One way to think about contemplation is as a pause or gap between a stimulus and a response. For example, when I get stressed, I tend to work on autopilot: I react swiftly to stimuli (such as emails, texts, or a biting comment from a relative) and unleash some reactions I am not proud of…

A contemplative pause—a moment to breathe, a quick walk around the block—helps me more objectively notice what is happening externally (this person is making a request) and internally (I’m feeling resentful) and consider how or whether I want to respond.

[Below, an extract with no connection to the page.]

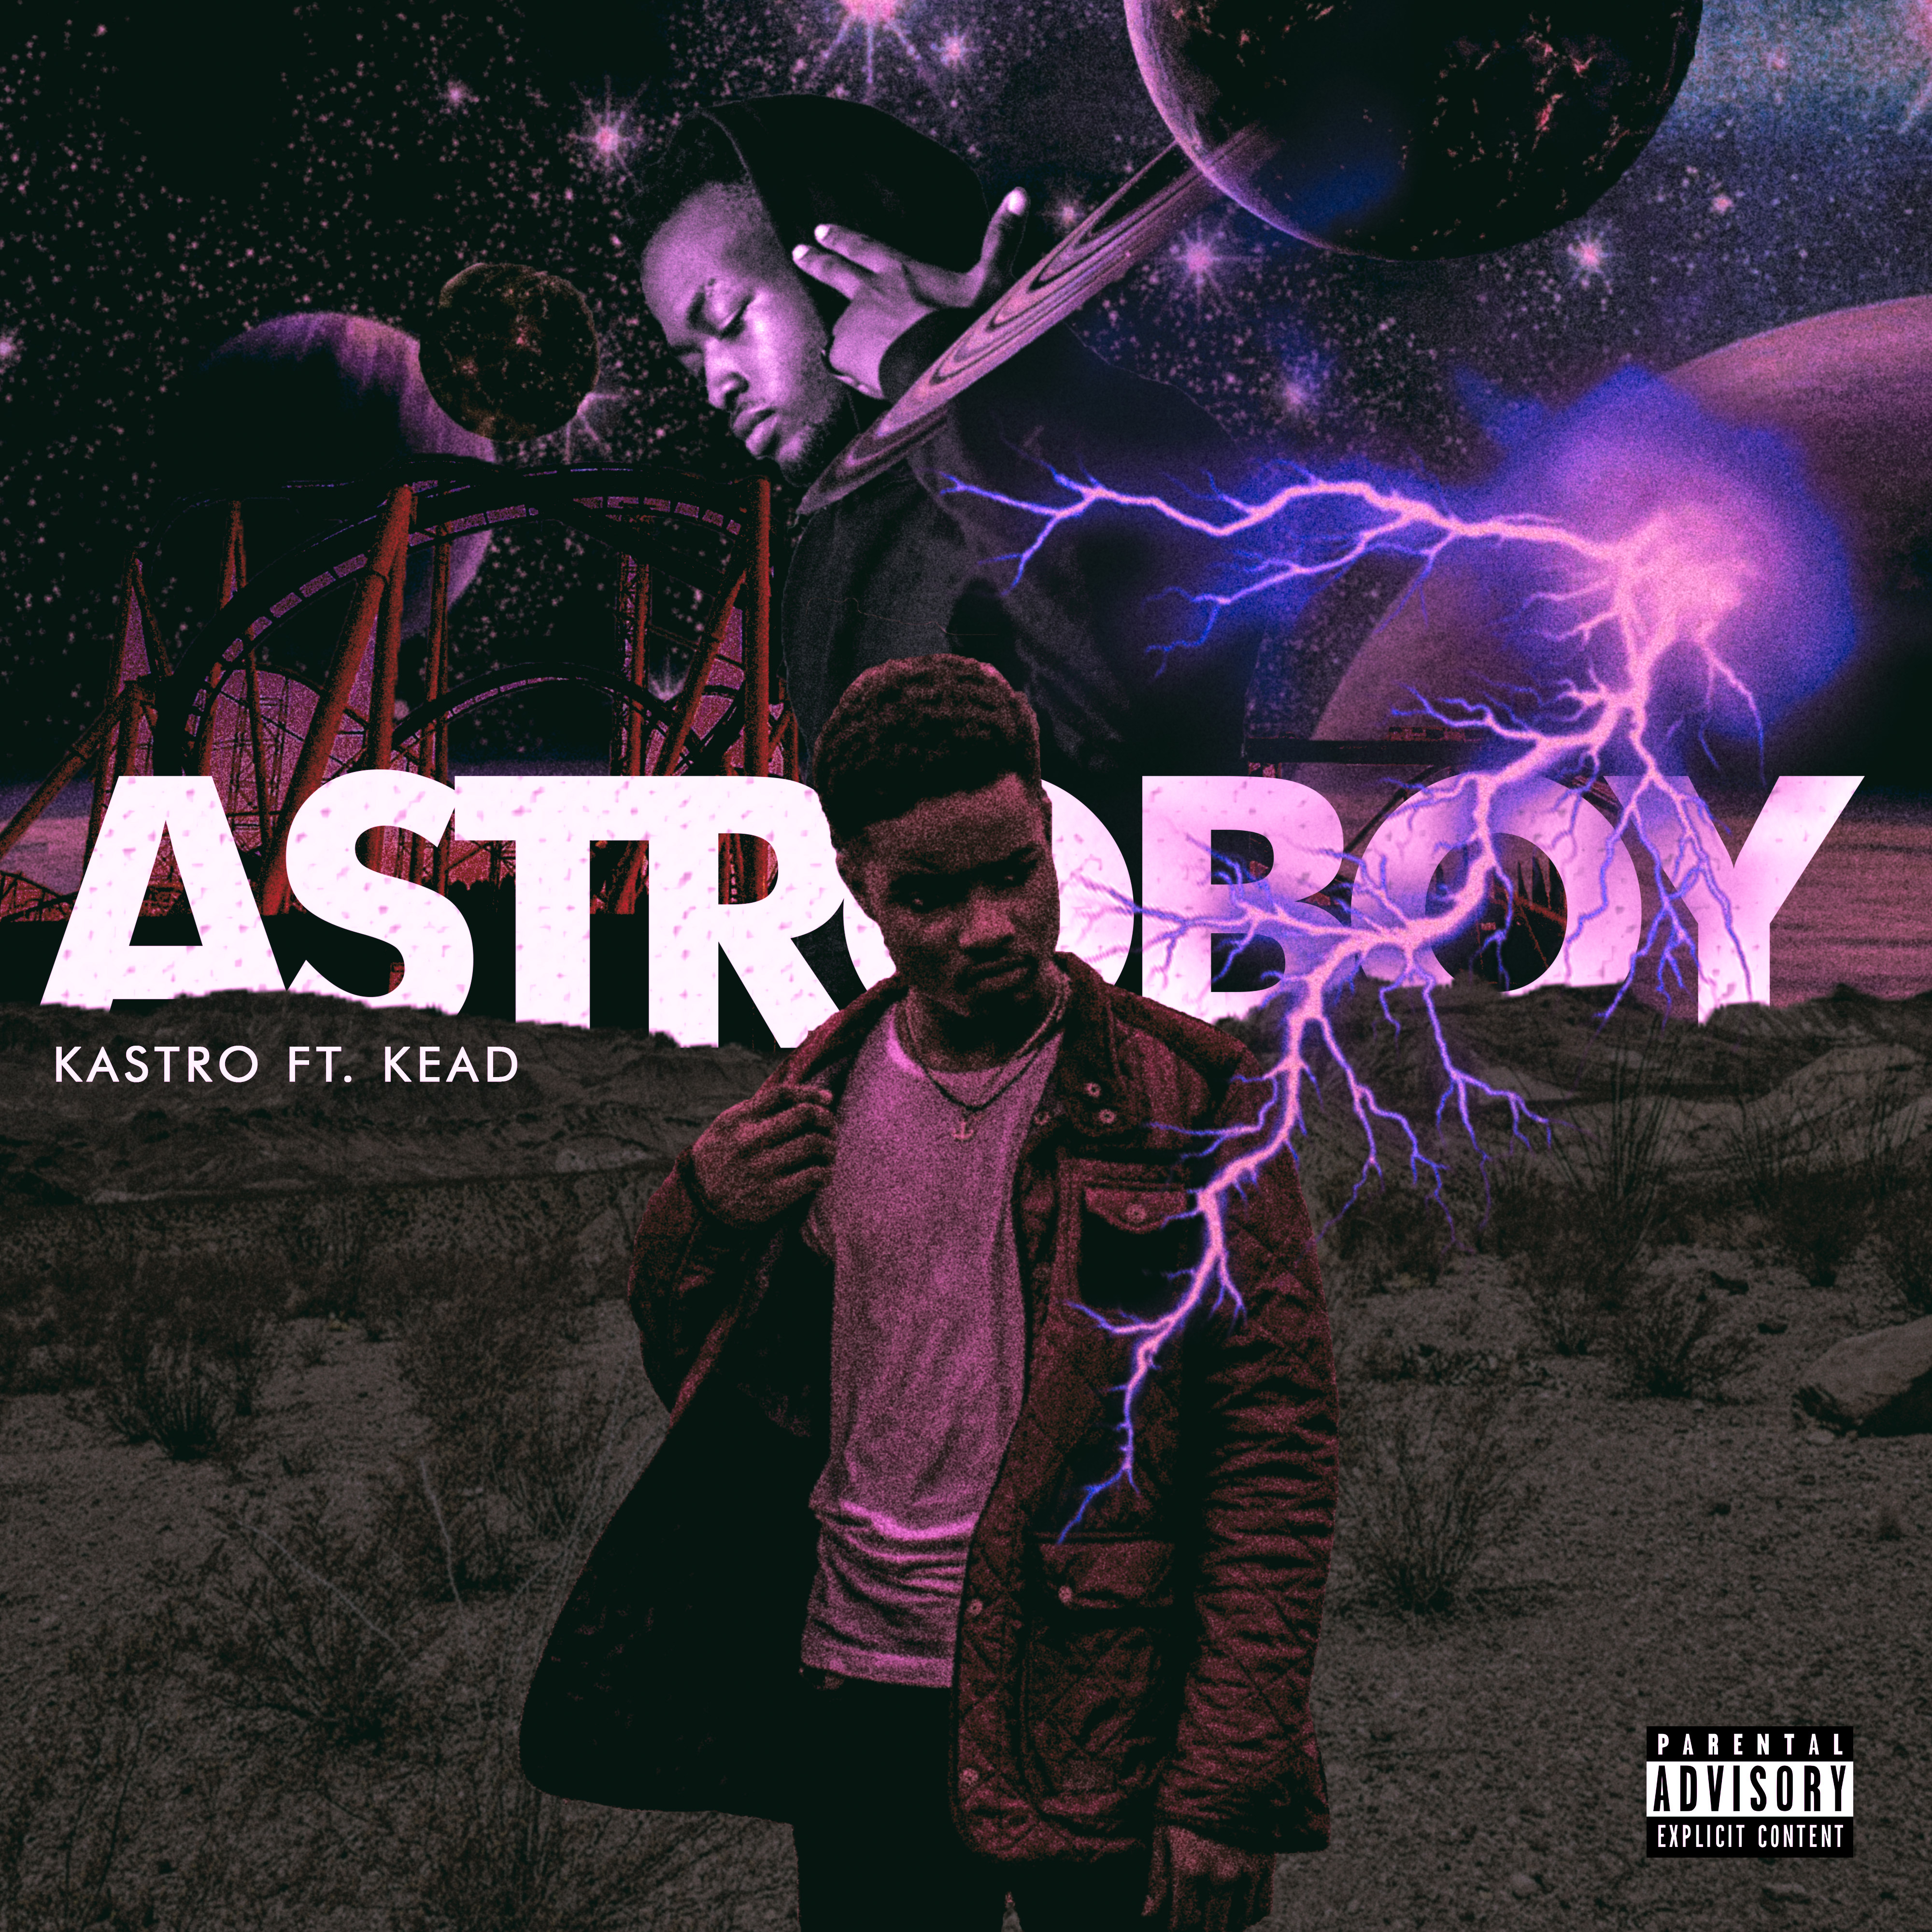 Astroboy

Karoyln Kinane, Contemplative Pause: Tool for Engagement

I found the idea very refreshing, and timely. And, it is one that certainly can be valuable in any part of our life (not just teaching!). And, if we feel drawn to quiet quitting, then this probably is the perfect time for a contemplative pause. This pause can take many forms, but involves some intentional reflection, that opens up some space for us to choose new ways of responding. At work, a contemplative pause could help us be more aware of what parts of our job are associated with any stress, or frustration. It could help us identify when we may be overwhelmed in other parts of our life, and may need to pull back from some duties. It can also help us notice when other people around us are struggling, and help us find ways to ease their burdens as well.

How do we want to show up and be in our work? Personally, I hope that those who are employed find work to be something of value in their lives. A place where we find community, and make some contribution to the lives of the people around us. I hope we are engaged in our work, just as I hope my students and I are engaged in our classes. I hope we are in this together – after all, our communities – in our work and every part of our life – are only as humane as the people who make them up. We need everyone to show up as they can and are able.